Day 16 was probably my favourite; it reminded me a bit of Sudoku-solving code I've written, though fortunately with only one solving algorithm needed (if there's only one field that can match a specific key, remove the other keys from that field; repeat until solved).

Day 17 was inevitable, I suppose, but misquoting Johnson I am tired of Life. Still, it turned out that going to three dimensions needed only a very small tweak to the code.

Day 18 was surprisingly light: oh, an expression parser, using a different precedence order so that you can't just use library code. Fair enough.

Day 19: I am writing in Perl, so all shall be regular expressions! (But I did special-case part 2 rather than writing a general solution, because you can't backref a match count even in Perl.)

Day 20 was suddenly lacking in fun. It looks as though people took two approaches to part 1: either work out the entire tiling problem, or take the short-cut of working out that a corner tile must have exactly two unique border values. The latter is what I did, and it solved part 1 very quickly; but that meant that part 2 involved writing all that tile assembly code and then looking for the pattern, and I suffered a failure of enthusiasm.

On the other hand, for day 21 I thought I'd spotted a short cut for part 1 but it didn't work, so I ended up building what turned out to be the part 2 solution and deriving the part 1 answer from that. (Same general sort of idea as 20, so I'm a little surprised these were put next to each other.)

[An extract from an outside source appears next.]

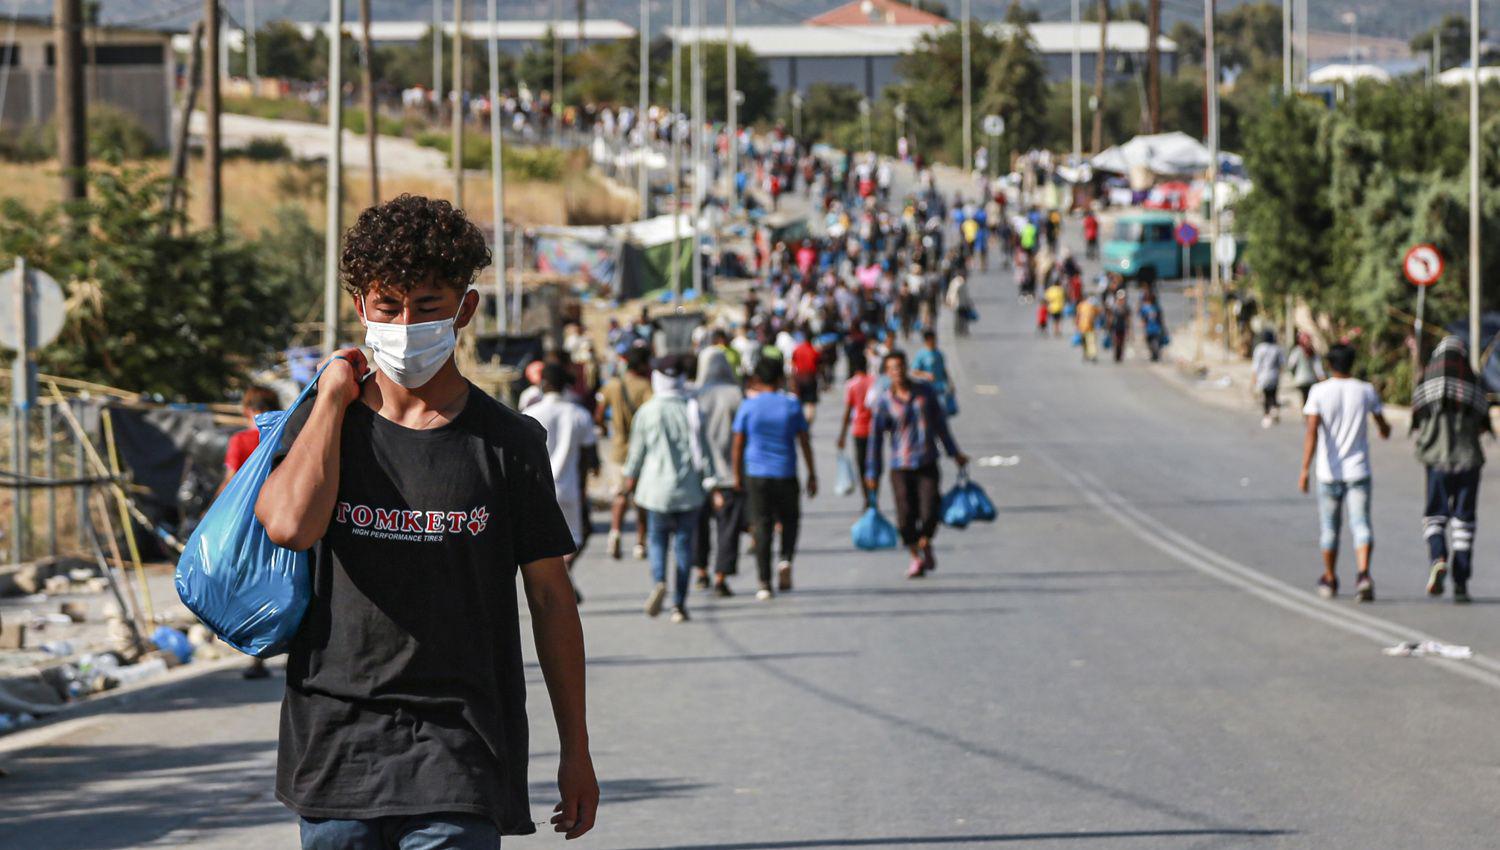 Grecia reubicoacute a migrantes con 174 casos de coronavirus

Day 22: surprisingly lightweight so late in the day.

Day 23: no, it's not a thing like last year's questions where you have to analyse the pattern and calculate only the tiny bits you need: it's just a question of building an efficient data structure and working it out in full.

Day 24: ooh, it's hexagonal grid Life. See comments on day 17. The trick I use for hex grid coordinate calculations is to double the easier axis scale, so that you never have to worry about offsets for the alternating rows.

Day 25: fun, but… not exactly climactic. Perhaps I'm unreasonable to be disappointed with that conclusion, but I am.

Overall, I think I didn't enjoy it as much as 2019's puzzles, but that may simply be because there wasn't a continuing thematic element – although the Intcode puzzles last year only made up nine out of the 25, they provided a feeling of progress and development which was lacking this time. But I still enjoyed these, in particular the Meretzky-inspired style of humour (author of the best of the classic Infocom games), and I expect to do next year's set too.